I for one have left my job of 9 years to set out in website design - using Sitemaker software.
So with my self-employment now rather pinned on the reliability of Moonfruit - it's good to know that it's taken seriously!
Arif
Is there a problem with the server? as website is not showing message:
The page cannot be displayed
The page you are looking for is currently unavailable. The Web site might be experiencing technical difficulties, or you may need to adjust your browser settings.
Please advise a.s.a.p
Hi Keepsakek,
We are not experiencing any errors, problems or slow-downs. Suggest you contact support and give us some details about your site and account.
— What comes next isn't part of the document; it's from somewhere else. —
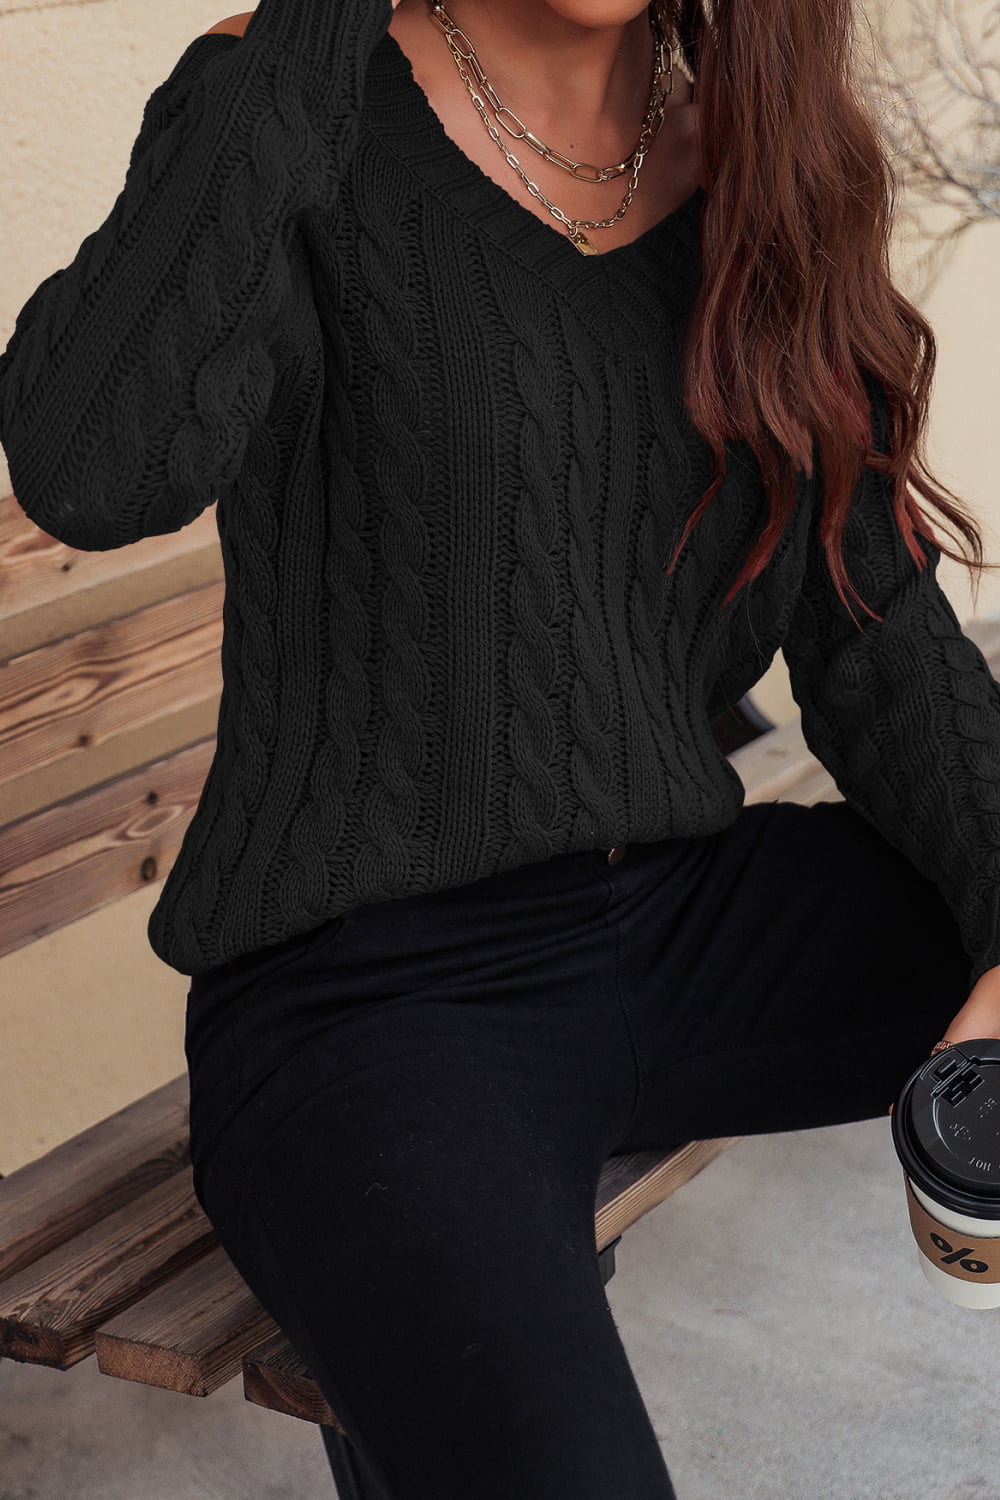 Women’s Cable-Knit Cold-Shoulder Long Sleeve Sweater

If you have problems with accessing support on Moonfruit, please use our alternate site:
http://www.sitemakerlive.com/en/sup...
Thanks
moonfruit not working tonight very well (3rd Nov) around 6.35- 7.20pm was very slow now websites will not load up keep getting this (500 Internal Server Error)
Hi Andy,
Can you please give us a time zone.
We've checked our logs for Monday and have no reported issues. We do run some back up scripts at around midnight GMT but this is extremely unlikely to cause severe slow downs or for that matter Internal Server Errors.
Thanks
Hi there, I can access my site but when I go to edit - it wont load the page. I have had the problem before and didnt get a lot of help and now its really crucial i get the sites edited. I have cleared cookies etc but it still wont work.
HELP!
Hi Emma,
This will not be related to the incident mentioned above. You also you haven't given us any clues to what sites you are referring to. Is it just one site or all of your sites?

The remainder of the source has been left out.